As someone who was covering the internet and new media even then, I knew the limits on enforcement in the new environment. It was obvious to anyone who looked at the situation that as long as the posters didn’t try to charge for the work, there was no hope of stopping the practice. No matter how many sites you shut down there were always more.

And as a writer with several novels and stories already under my belt, I knew perfectly well the effect that this kind of campaign was going to have on the fans. They weren’t going to like it, a lot of them wouldn’t see the point of it, and science fiction fans being science fiction fans, they were likely to react very negatively, to the detriment not just of the individual authors but of the field as a whole.

I wasn’t alone in these realizations, but I was very much a rara avis. While a fair number of SFWA members are technically trained and a few of them are extremely knowledgeable about the web and the new media, it was obvious most members were not merely not aware of what was happening, some of them were best described as aggressively ignorant of the impact of the impending technological changes. They didn’t know, they didn’t want to know and by God, things were going to continue in publishing just as they always had. Now about the food at the last Worldcon…

I thought about pointing all this out, but I quickly realized it was futile. The exchanges in the newsletter made it obvious that reason had already gone by the board and I didn’t see any point in jumping into that particular hog wallow.

It was the final straw.
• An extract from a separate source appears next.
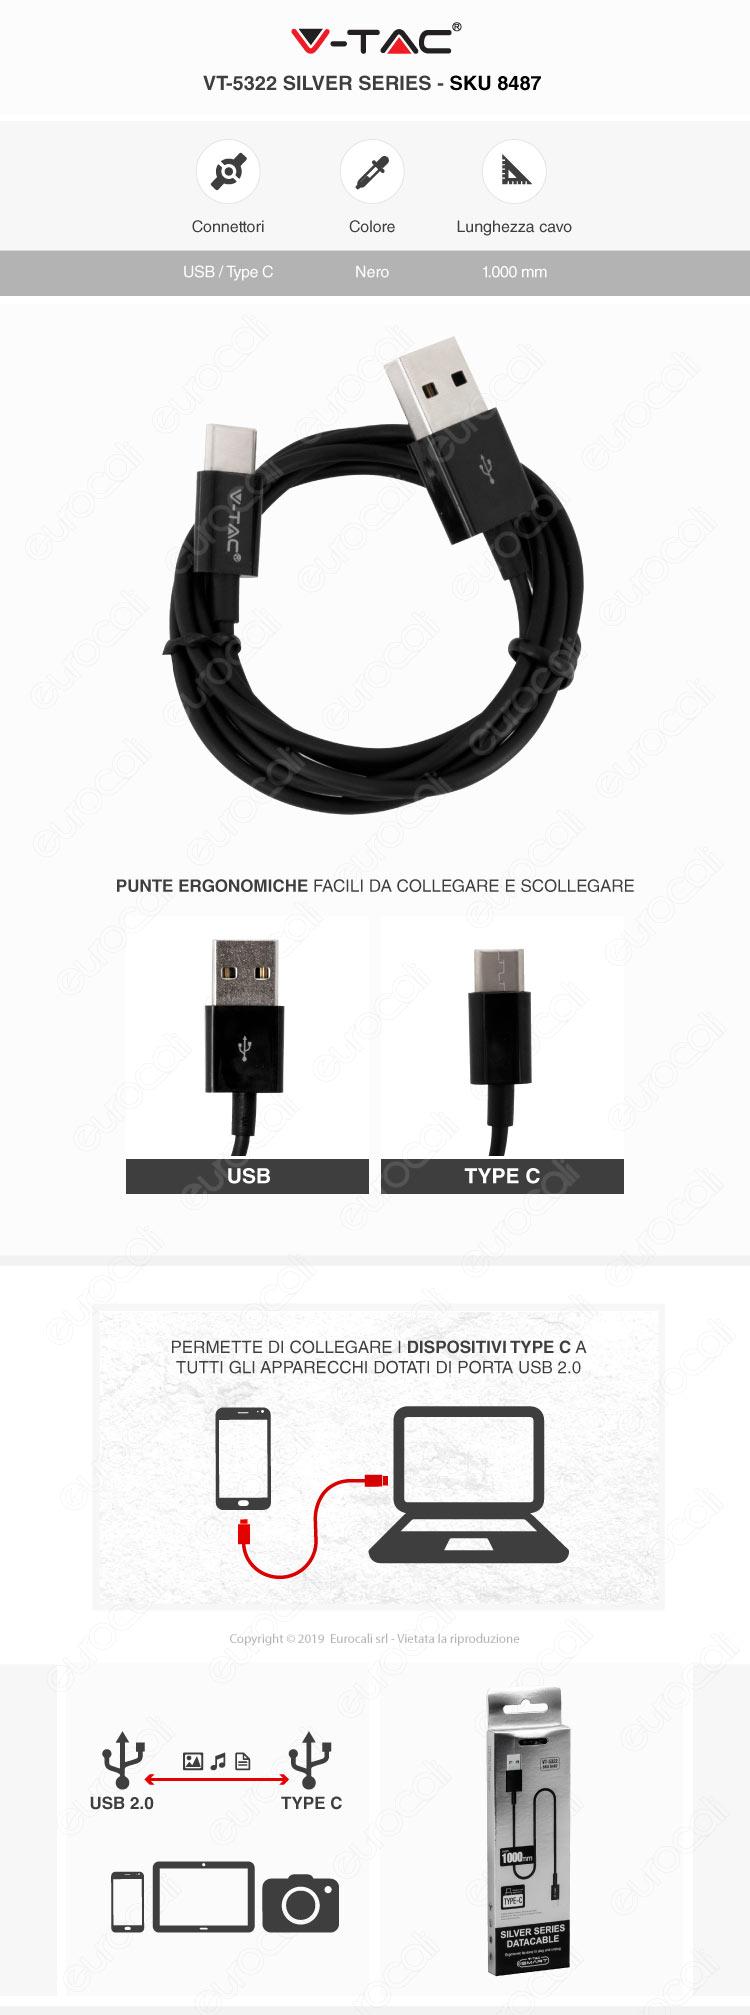 V-Tac VT-5322 Silver series USB Data Cable Type-C Cavo Colore Nero 1m

I had become increasingly disenchanted with the organization because of its ineffectiveness as a voice for actual writers, its constant bickering and the bull-headed resistance to anything that might be a substantive change.

The irony of an organization made of up people who wrote about the future about to be blindsided by that same future was delicious, but it wasn’t enough to keep me in the organization. I let my membership lapse and I’ve never looked back.